Return all the lines below exactly. Any picture among them is omitted.

• SUPPLIED DATA:

%%

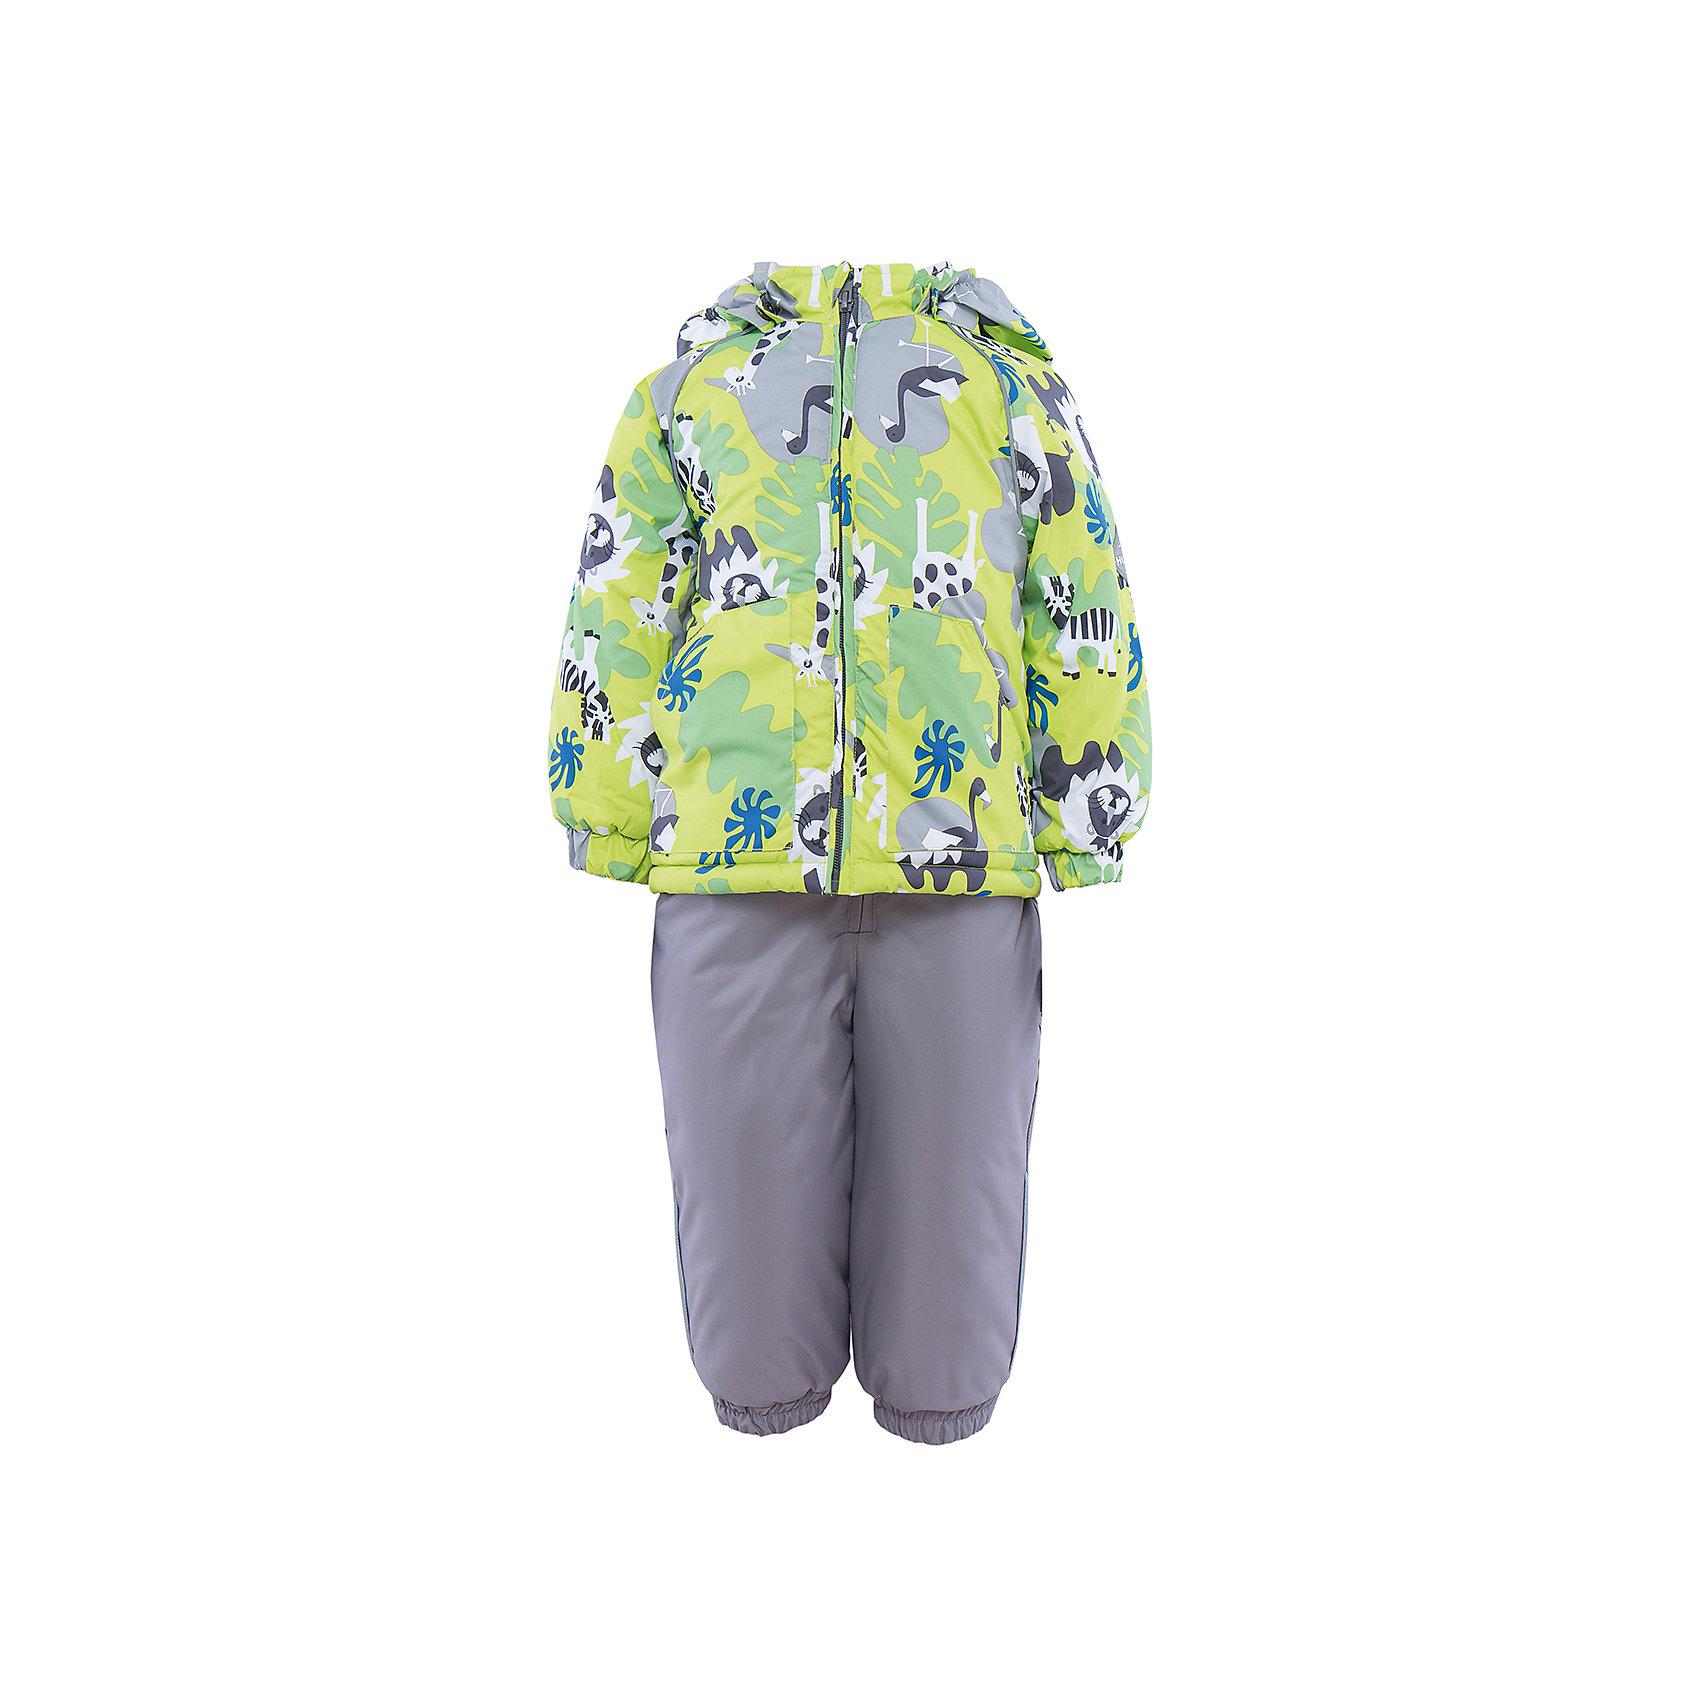 Комплект HuppaВерхняя одежда<br>Комплект из куртки и комбинезона AVERY1 Huppa(Хуппа).<br><br>Утеплитель: 100% полиэстер. Куртка – 300 гр., полукомбинезон – 160 гр.<br><br>Температурный режим: до -30 градусов. Степень утепления – высокая. <br><br>* Температурный режим указан приблизительно — необходимо, прежде всего, ориентироваться на ощущения ребенка. Температурный режим работает в случае соблюдения правила многослойности – использования флисовой поддевы и термобелья.<br><br>Отлично подойдет для зимних прогулок. Комбинезон имеет подтяжки и резинки на талии и манжетах. Куртка с капюшоном и резинками на манжетах имеет необычный дизайн и принт со зверюшками.<br><br>Особенности:<br>-плотная дышащая и водоотталкивающая мембрана<br>-водонепроницаемый<br>-мягкая фланелевая подкладка<br>-водостойкая лента на швах<br>-высокая прочность<br>-светоотражающие элементы<br>-съемный капюшон (мех не отстегивается)<br><br>Дополнительная информация:<br>Материал: 100% полиэстер<br>Подкладка: фланель - 100% хлопок<br>Цвет: салатовый/серый<br><br>Вы можете приобрести комплект AVERY1 Huppa(Хуппа) в нашем интернет-магазине.<br><br>Ширина мм: 356<br>Глубина мм: 10<br>Высота мм: 245<br>Вес г: 519<br>Цвет: зеленый<br>Возраст от месяцев: 12<br>Возраст до месяцев: 15<br>Пол: Унисекс<br>Возраст: Детский<br>Размер: 104,86,92,98,80<br>SKU: 4928798
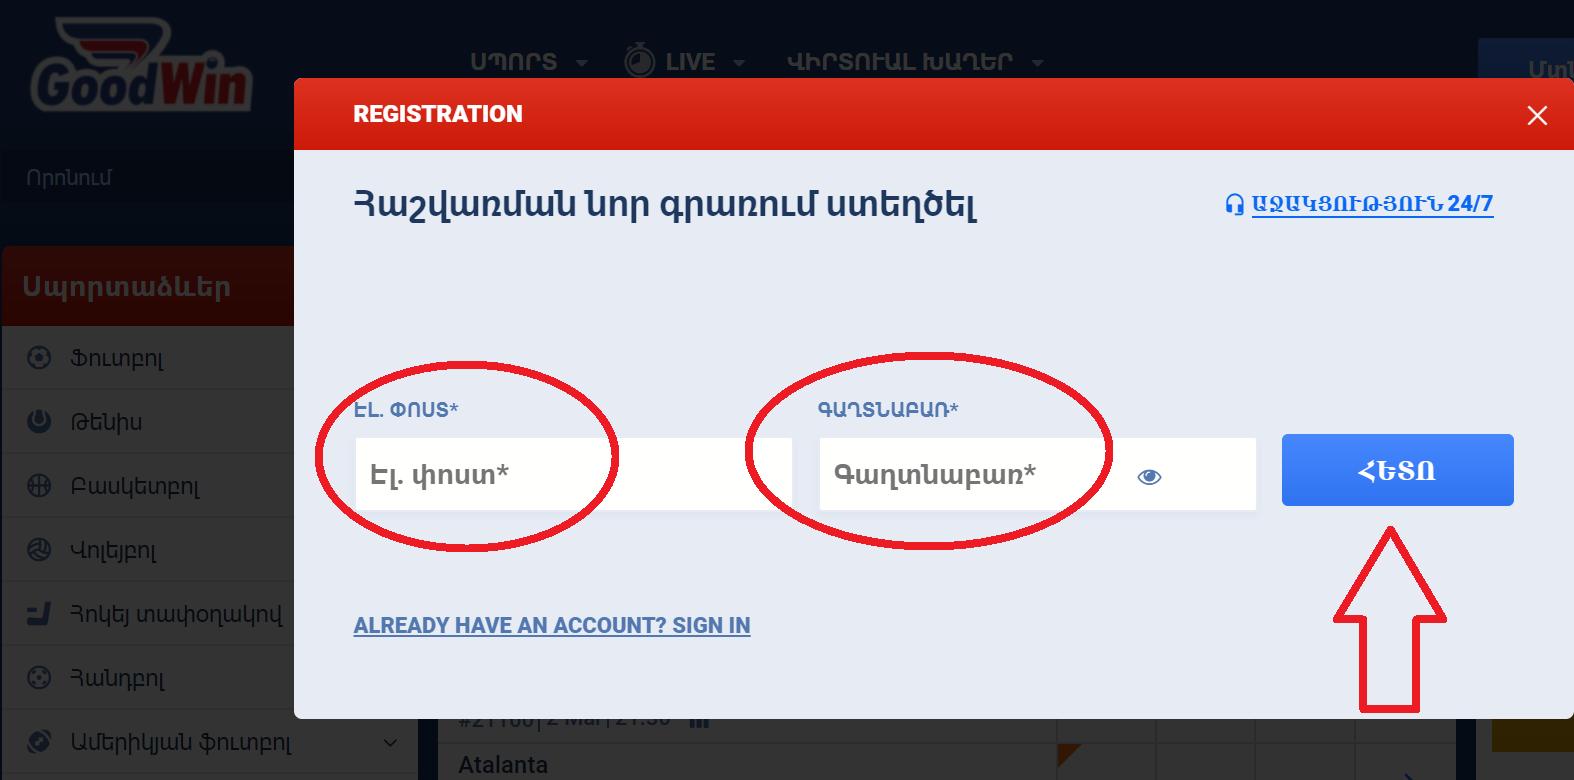 Goodwinbet հաշիվ ստեղծել բուքմեյքերի պաշտոնական կայքում
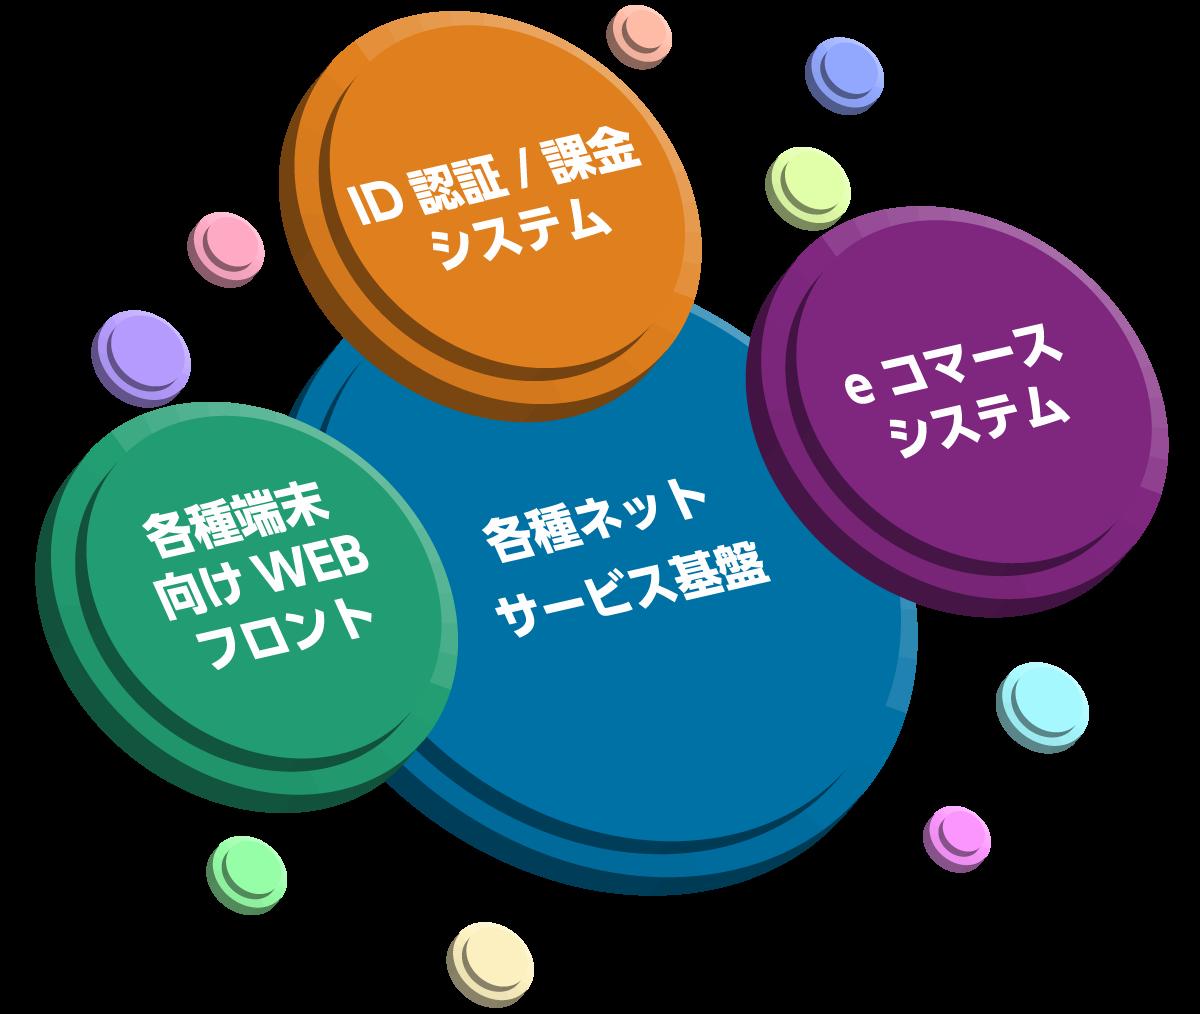 各種ネットサービス基盤、各種端末向けWEBフロント、ID認証/課金システム、eコマースシステム

%%

• TASK ANSWER:
 Комплект HuppaВерхняя одежда<br>Комплект из куртки и комбинезона AVERY1 Huppa(Хуппа).<br><br>Утеплитель: 100% полиэстер. Куртка – 300 гр., полукомбинезон – 160 гр.<br><br>Температурный режим: до -30 градусов. Степень утепления – высокая. <br><br>* Температурный режим указан приблизительно — необходимо, прежде всего, ориентироваться на ощущения ребенка. Температурный режим работает в случае соблюдения правила многослойности – использования флисовой поддевы и термобелья.<br><br>Отлично подойдет для зимних прогулок. Комбинезон имеет подтяжки и резинки на талии и манжетах. Куртка с капюшоном и резинками на манжетах имеет необычный дизайн и принт со зверюшками.<br><br>Особенности:<br>-плотная дышащая и водоотталкивающая мембрана<br>-водонепроницаемый<br>-мягкая фланелевая подкладка<br>-водостойкая лента на швах<br>-высокая прочность<br>-светоотражающие элементы<br>-съемный капюшон (мех не отстегивается)<br><br>Дополнительная информация:<br>Материал: 100% полиэстер<br>Подкладка: фланель - 100% хлопок<br>Цвет: салатовый/серый<br><br>Вы можете приобрести комплект AVERY1 Huppa(Хуппа) в нашем интернет-магазине.<br><br>Ширина мм: 356<br>Глубина мм: 10<br>Высота мм: 245<br>Вес г: 519<br>Цвет: зеленый<br>Возраст от месяцев: 12<br>Возраст до месяцев: 15<br>Пол: Унисекс<br>Возраст: Детский<br>Размер: 104,86,92,98,80<br>SKU: 4928798
 Goodwinbet հաշիվ ստեղծել բուքմեյքերի պաշտոնական կայքում
 各種ネットサービス基盤、各種端末向けWEBフロント、ID認証/課金システム、eコマースシステム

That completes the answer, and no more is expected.